I sent this to you because I have enjoyed working with you in the ISO over the years or you knew how dedicated I was to my work with the ISO and deserve to know what happened with it.

This is just to say that I am no longer a member of the International Socialist Organization (ISO) and did not leave on good terms by any standard. This is also to say that I am still a committed socialist activist and will not allow my negative experiences in the ISO taint my view of revolutionary politics or the amazing activists I met.

If you've got ideas or social justice struggles you're involved in and want to collaborate, then get in touch.

My story is divided into three chronological parts:
  1. Stifling debate about diversity in NYC ISO
  2. Mass expulsion and membership exodus on not-so-good terms in DC ISO - resulting in a 90% white branch in a 54% black city (Oh no, she didn't!)
  3. Getting back to fighting capitalism - LET'S GET ON WITH IT
Appendix: The Full Response

I. Stifling debate about diversity in the NYC ISO
During the convention period in March 2010, three immigrant ISO members of color submitted a document calling for opening up a dialogue about recruiting and retaining members of color. Although I favored many of the ideas and issues raised in the document, the response to it was so hostile that I could not muster up the courage to speak up in defense of the ideas contained within it. It was clear that the leadership had taken a strong position, as quoted below, and any attempts to raise a different perspective would be shut-down without consideration.

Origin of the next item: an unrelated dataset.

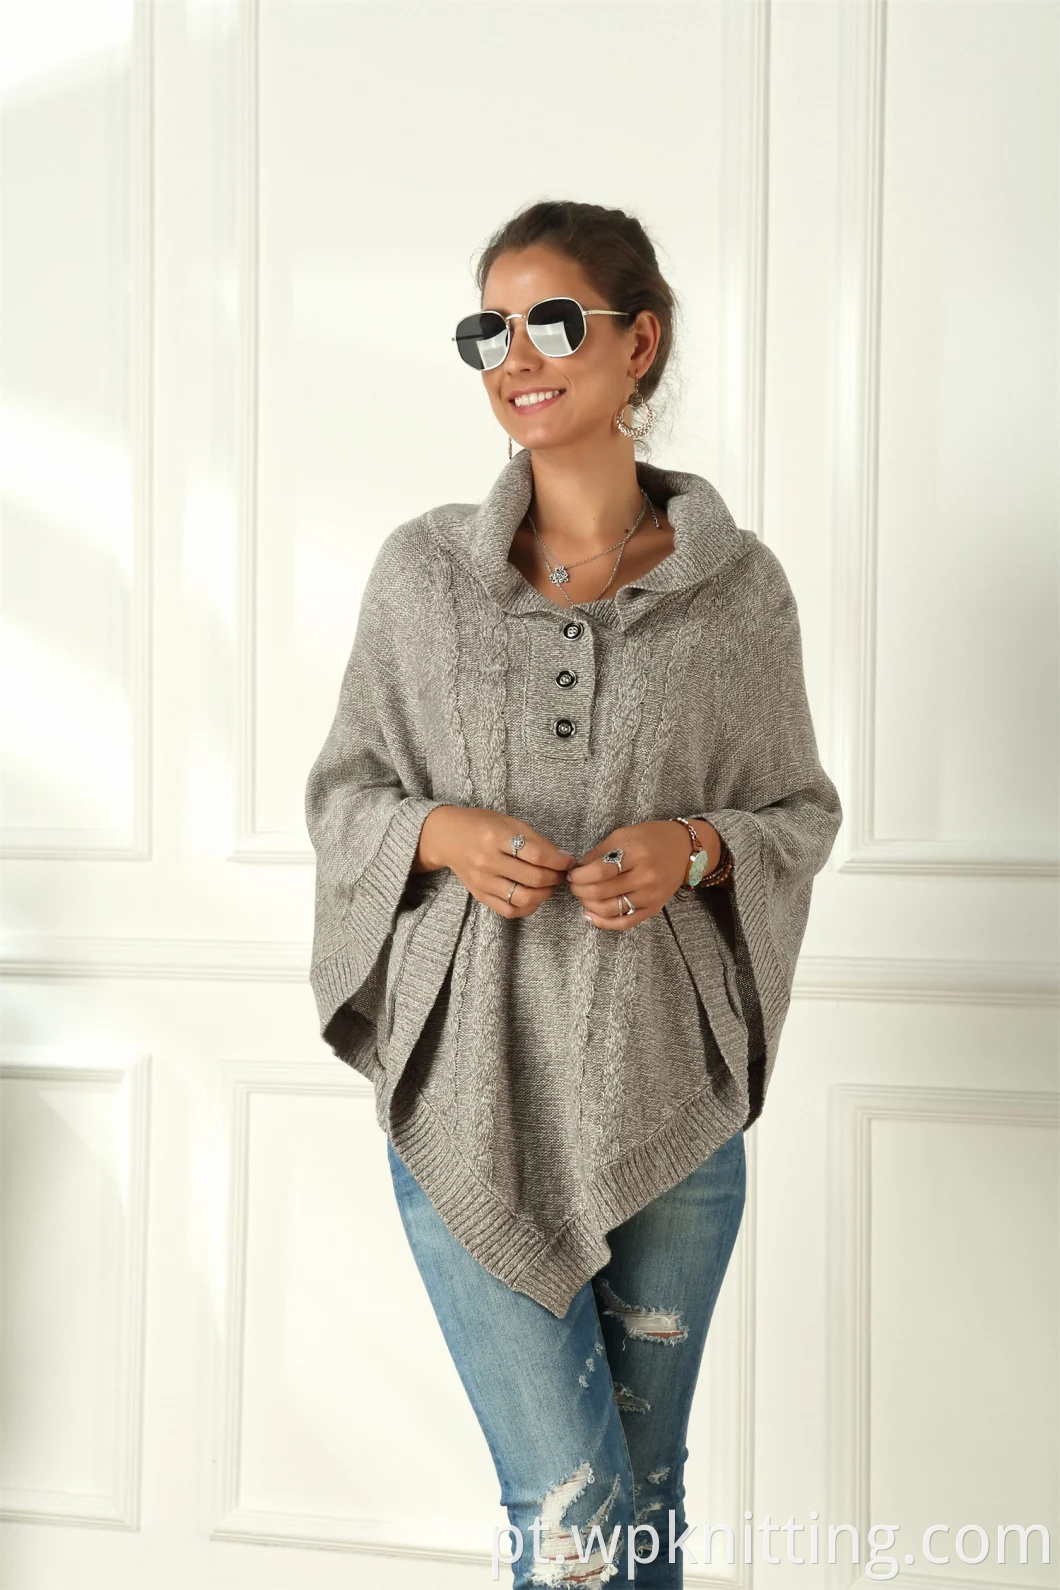 Manto de xale de tamanho grande casaco irregular de suéter solto mulheres malhas

Here is a quote from it, but the full four-page response is attached at the bottom in the Appendix:

“…In fact, the term “diversity” is itself a liberal term that sees combining as many different kinds of experiences and backgrounds as possible as an end in of itself, rather than a means to lead the working class to victory over exploitation and oppression.

The identity politics framework of the document is exposed when the document’s authors argue: “We do believe that comrades of color provide an important link between their communities and revolutionary Marxism.” This both assumes that Marxism is foreign to the fight against racism (and therefore requires special conduits) and that there are such things as “communities” based on racial identity. In fact, any racial or ethnic group is broken down into its various class components. Working class Blacks are no more a part of Barack Obama’s “community” as working class women are part of Hilary Clinton’s or gays a part of Barney Frank’s….”

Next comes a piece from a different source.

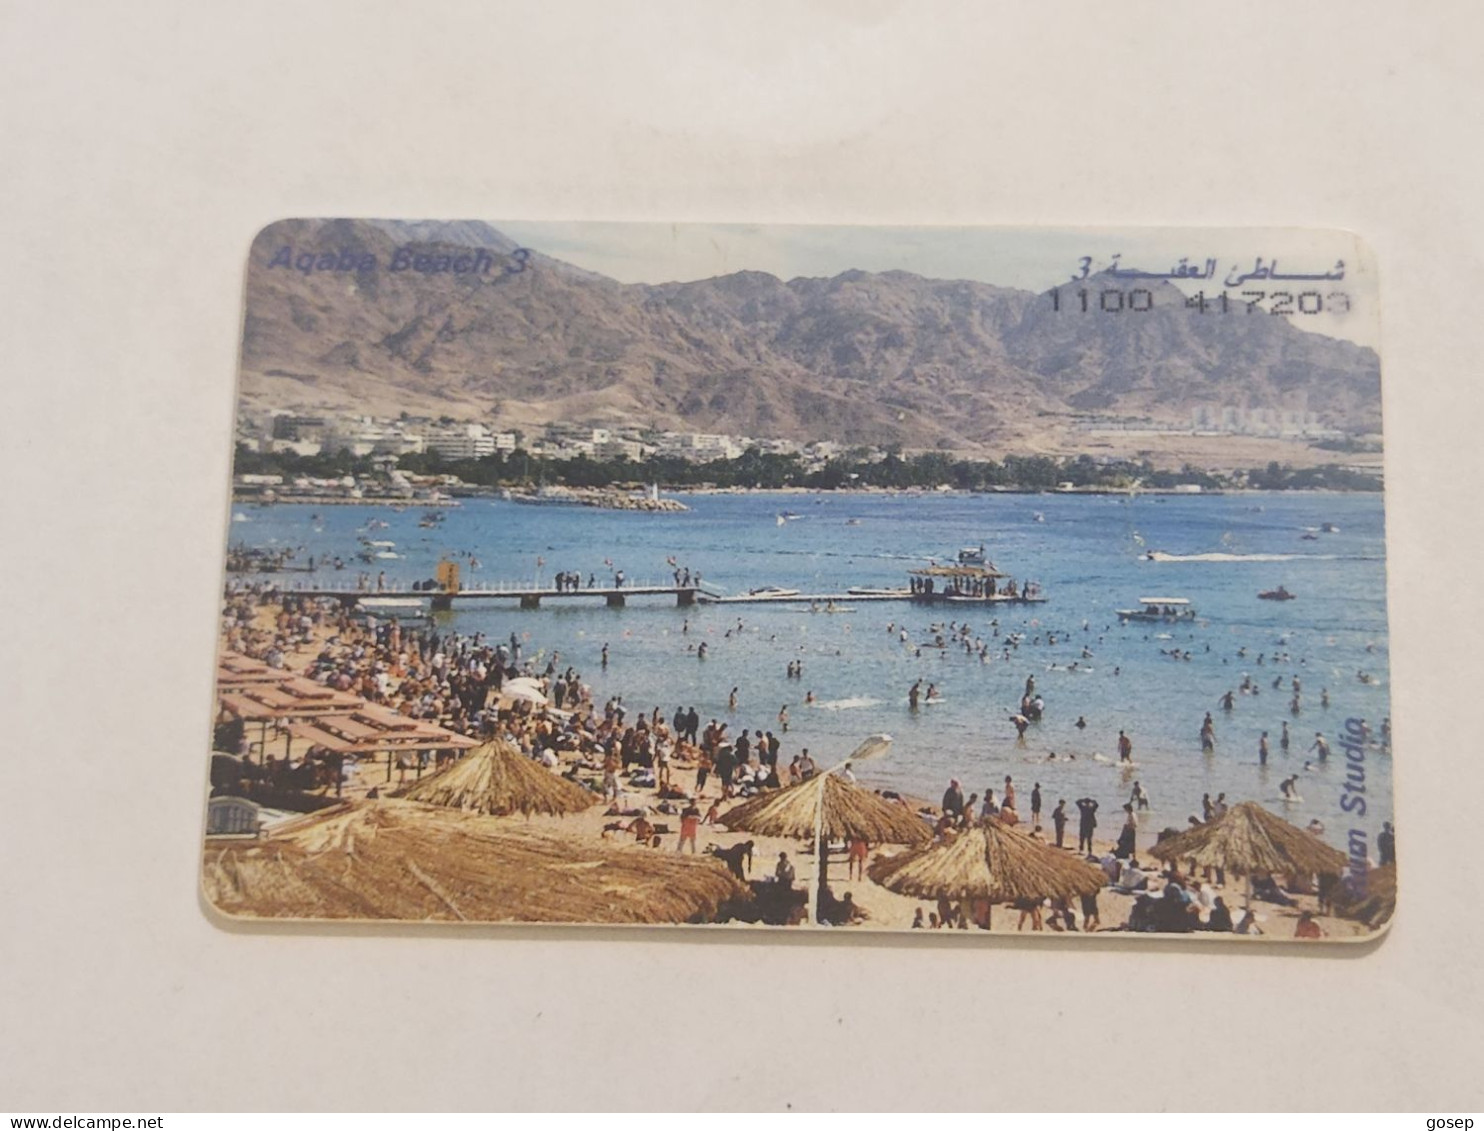 JORDAN-(JO-ALO-0027)-Aqaba Beach-(121)-(1100-417203)-(3JD)-(9/2000)-used Card+1card Prepiad Free - Jordan

-H.T. on behalf of the NYC District Committee in Response to “Recruiting, Developing, and Retaining Members of Color in the ISO”

The harsh and hostile response effectively shut down discussion – though the main point of “Recruiting, Developing, and Retaining Members of Color in the ISO” was to start such a conversation. As a comrade of color, I identified with the ideas presented in the document about paying special attention to developing members of color as leaders. It’s difficult to develop a person’s skills if you don’t know what their skills are or anything about them for that matter. So although the long-term leaders of the NYC ISO might have intended to train and develop me as a comrade, those intentions remained intentions as I was ignored for the most part and none of them ever initiated conversation with me. Since the call for open discussion about these issues was so harshly shut down, I got the message that I’d better keep my ideas to myself as these issues were not of concern to our leaders.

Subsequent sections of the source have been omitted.